15) \(y=(3x^2+3x−1)^4\)
16) \(y=(5−2x)^{−2}\)
- Answer
- \(\dfrac{dy}{dx}=\dfrac{4}{(5−2x)^3}\)
17) \(y=\cos^3(πx)\)
18) \(y=(2x^3−x^2+6x+1)^3\)
- Answer
- \(\dfrac{dy}{dx}=6(2x^3−x^2+6x+1)^2⋅(3x^2−x+3)\)
19) \(y=\dfrac{1}{\sin^2(x)}\)
20) \(y=\big(\tan x+\sin x\big)^{−3}\)
- Answer
- \(\dfrac{dy}{dx}=−3\big(\tan x+\sin x\big)^{−4}⋅(\sec^2x+\cos x)\)
21) \(y=x^2\cos^4x\)
22) \(y=\sin(\cos 7x)\)
- Answer
- \(\dfrac{dy}{dx}=−7\cos(\cos 7x)⋅\sin 7x\)
23) \(y=\sqrt{6+\sec πx^2}\)
24) \(y=\cot^3(4x+1)\)
- Answer
- \(\dfrac{dy}{dx}=−12\cot^2(4x+1)⋅\csc^2(4x+1)\)
25) Let \(y=\big[f(x)\big]^3\) and suppose that \(f′(1)=4\) and \(\frac{dy}{dx}=10\) for \(x=1\).

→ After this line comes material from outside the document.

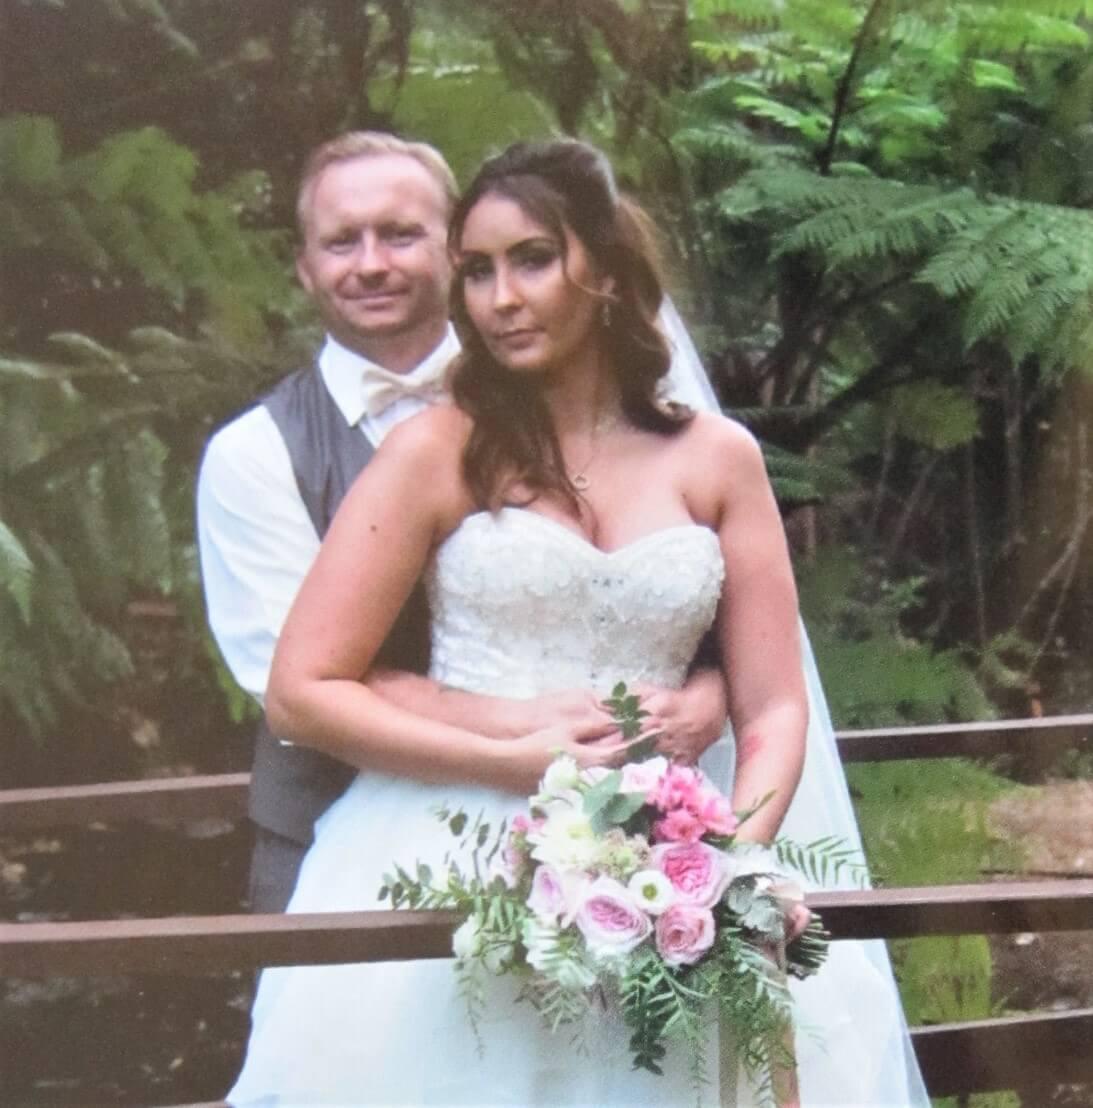 https://www.lovebirdceremonies.com.au/wp-content/uploads/2020/07/Megan-Brett-1.jpg

Find \(f(1)\).
26) Let \(y=\big(f(x)+5x^2\big)^4\) and suppose that \(f(−1)=−4\) and \(\frac{dy}{dx}=3\) when \(x=−1\). Find \(f′(−1)\)
- Answer
- \(f′(−1)=10\frac{3}{4}\)
27) Let \(y=(f(u)+3x)^2\) and \(u=x^3−2x\). If \(f(4)=6\) and \(\frac{dy}{dx}=18\) when \(x=2\), find \(f′(4)\).
28) [T] Find the equation of the tangent line to \(y=−\sin(\frac{x}{2})\) at the origin. Use a calculator to graph the function and the tangent line together.
- Answer
- \(y=-\frac{1}{2}x\)
29) [T] Find the equation of the tangent line to \(y=\left(3x+\frac{1}{x}\right)^2\) at the point \((1,16)\). Use a calculator to graph the function and the tangent line together.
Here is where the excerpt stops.